2080Ti got ERR soon after starting DL training

My 2080Ti got ERR in the “nvidia-smi” status soon after starting DL training.
Sometime the first one, and at the other time second one.

Do you think this comes from the Micron GDDR6 VRAM issue ?

I’m using the latest driver, CUDA10 and CUDNN 7.4.2 with Pytorch and Keras with Tensorflow-backend.

±----------------------------------------------------------------------------+
| NVIDIA-SMI 415.25 Driver Version: 415.25 CUDA Version: 10.0 |
|-------------------------------±---------------------±---------------------+
| GPU Name Persistence-M| Bus-Id Disp.A | Volatile Uncorr.

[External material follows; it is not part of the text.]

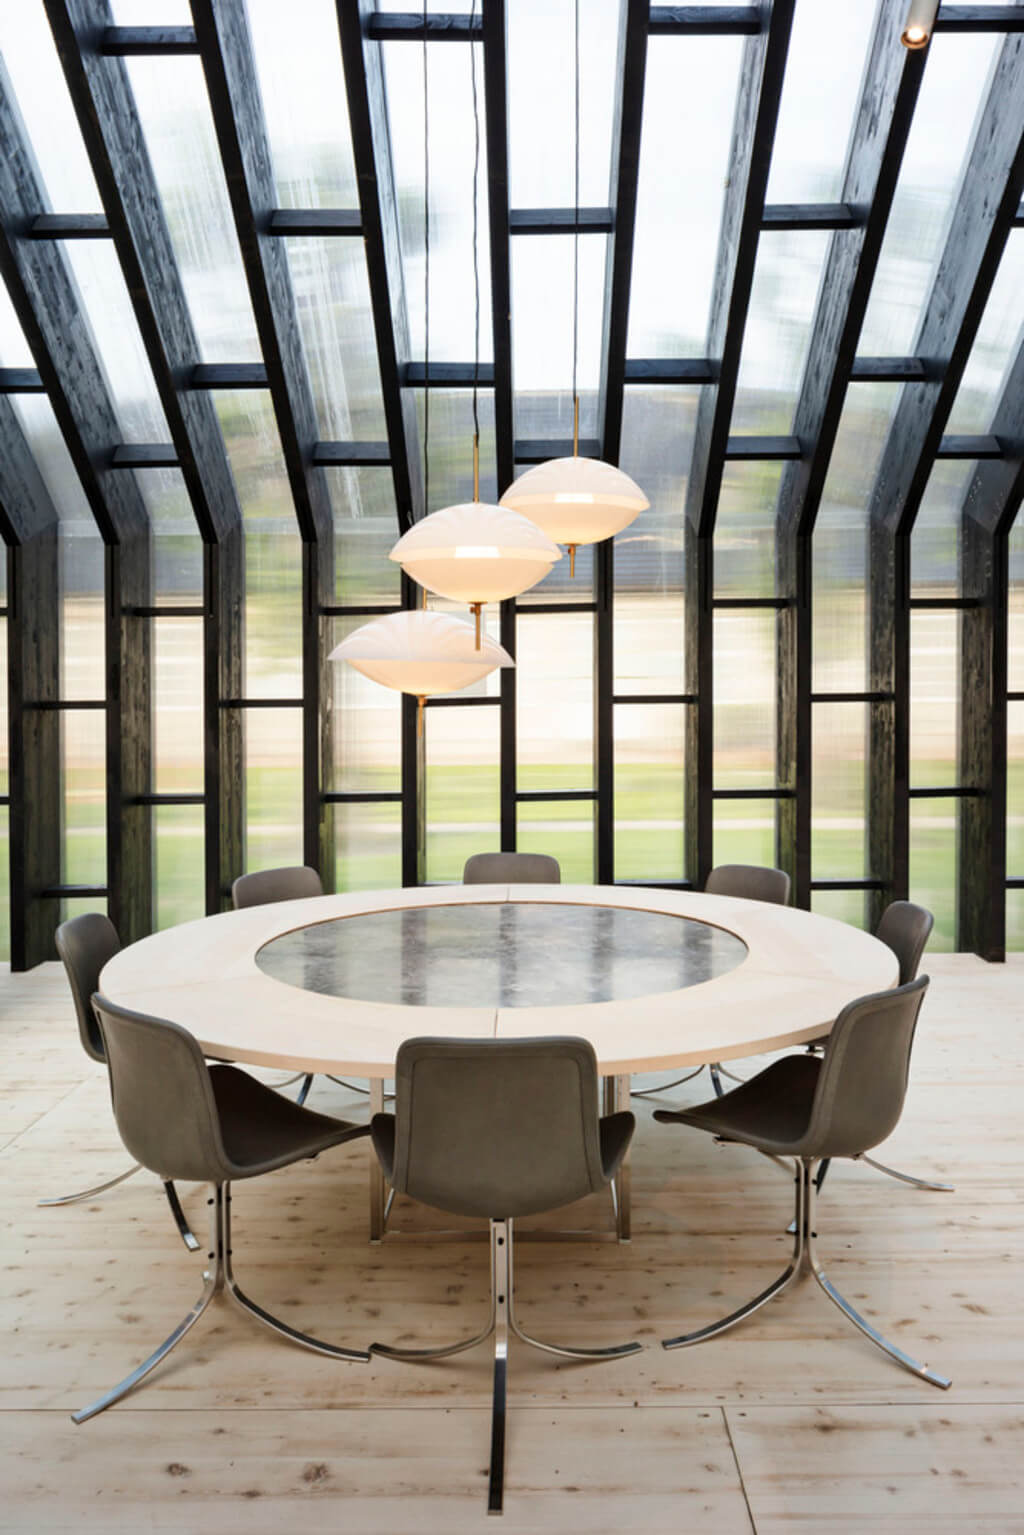 Fritz Hansen Pavilion dining room with a round table and chairs

ECC |
| Fan Temp Perf Pwr:Usage/Cap| Memory-Usage | GPU-Util Compute M. |
|===============================+======================+======================|
| 0 GeForce RTX 208… On | 00000000:01:00.0 Off | N/A |
|ERR! 44C P2 ERR! / 260W | 10MiB / 10989MiB | 0% Default |
±------------------------------±---------------------±---------------------+
| 1 GeForce RTX 208… On | 00000000:02:00.0 Off | N/A |
| 40% 31C P8 11W / 260W | 10MiB / 10989MiB | 0% Default |
±------------------------------±---------------------±---------------------+

±----------------------------------------------------------------------------+
| NVIDIA-SMI 415.25 Driver Version: 415.25 CUDA Version: 10.0 |
|-------------------------------±---------------------±---------------------+
| GPU Name Persistence-M| Bus-Id Disp.A | Volatile Uncorr. ECC |
| Fan Temp Perf Pwr:Usage/Cap| Memory-Usage | GPU-Util Compute M. |
|====================+======================+======================|
| 0 GeForce RTX 208… On | 00000000:01:00.0 Off | N/A |
| 41% 41C P2 51W / 260W | 2605MiB / 10989MiB | 0% Default |
±------------------------------±---------------------±---------------------+
| 1 GeForce RTX 208… On | 00000000:02:00.0 Off | N/A |
|ERR! 42C P2 ERR! / 260W | 905MiB / 10989MiB | 0% Default |
±------------------------------±---------------------±---------------------+

Use cuda-memtest and gpu-burn to test them.
Please run nvidia-bug-report.sh as root and attach the resulting .gz file to your post. Hovering the mouse over an existing post of yours will reveal a paperclip icon.
https://devtalk.nvidia.com/default/topic/1043347/announcements/attaching-files-to-forum-topics-posts/

Thanks for the comment.

I ran gpu-burn.

I checked four 2080ti of mine one by one.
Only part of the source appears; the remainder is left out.